Non-negative matrix factorization (NMF) has become a well-known model in data mining in recent years. NMF is an unsupervised algorithm that efficiently reduces the number of features while maintaining the crucial information needed to reconstruct the original data by projecting the data onto a lower-dimensional space. NMF's main goal is to automatically extract hidden patterns from high-dimensional vectors; it has been effectively used for prediction, clustering, and dimensionality reduction. On the other hand, a major problem in data mining and machine learning is multi-view decision-making. Multi-view learning is a significant issue in today's multi-modal decision-making environment since it makes use of many and frequently high-dimensional data representations to improve learning outcomes. This study aims to review the state-of-the-art NMF methods for multi-view data processing, encompassing principles, representation approaches, clustering models, and algorithms with various generalizations, developments, and modifications. The review includes discussions on different aspects of the algorithms and provides a comprehensive comparison of their advantages. Additionally, it addresses several open issues and remaining challenges. Ultimately, this review seeks to establish a framework for the NMF concept that may benefit future research.

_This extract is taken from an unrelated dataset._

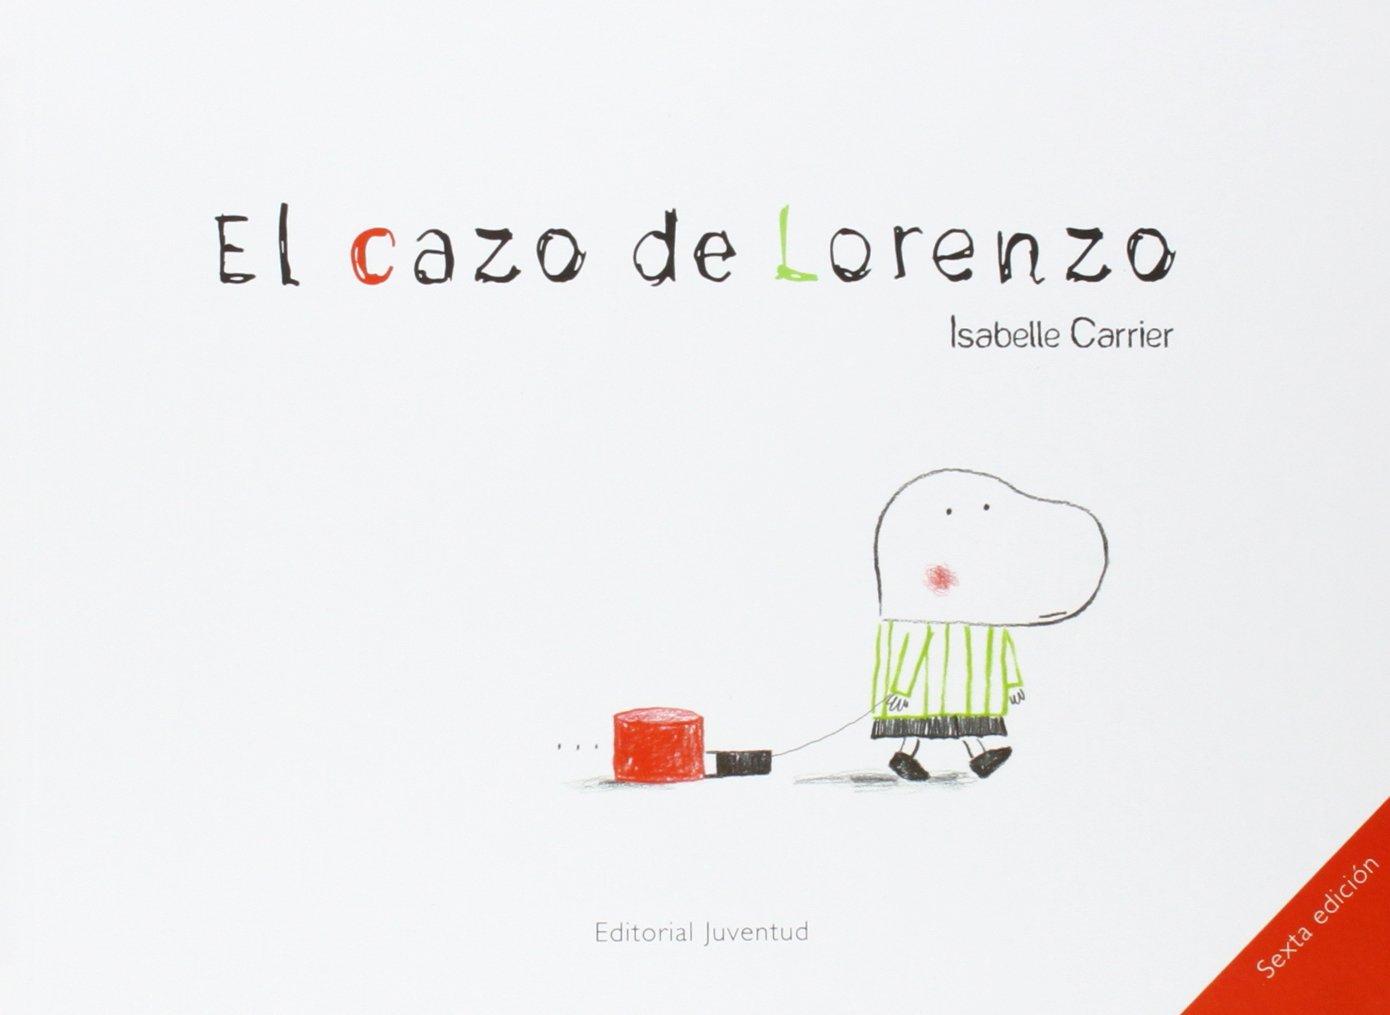 Criando247 HoyLeemos Cazo de Lorenzo

处理高维多视图数据:数据挖掘和机器学习中非负矩阵分解方法的综合综述
近年来,非负矩阵分解(NMF)已成为数据挖掘领域中一个知名的模型。NMF是一种无监督算法,通过将数据投影到较低维空间,有效地减少了特征数量,同时保留了重建原始数据所需的关键信息。NMF的主要目标是从高维向量中自动提取隐藏模式;它已被有效地用于预测、聚类和降维。另一方面,数据挖掘和机器学习中的一个主要问题是多视图决策。在当今的多模态决策环境中,多视图学习是一个重要的问题,因为它使用许多且经常是高维的数据表示来改善学习结果。本研究旨在回顾用于多视图数据处理的最先进的NMF方法,包括原理、表示方法、聚类模型和各种推广、发展和修改的算法。该评论包括对算法的不同方面的讨论,并提供了一个全面的比较,他们的优势。此外,它还解决了几个悬而未决的问题和仍然存在的挑战。最后,这篇综述试图为NMF概念建立一个可能有利于未来研究的框架。
本文章由计算机程序翻译,如有差异,请以英文原文为准。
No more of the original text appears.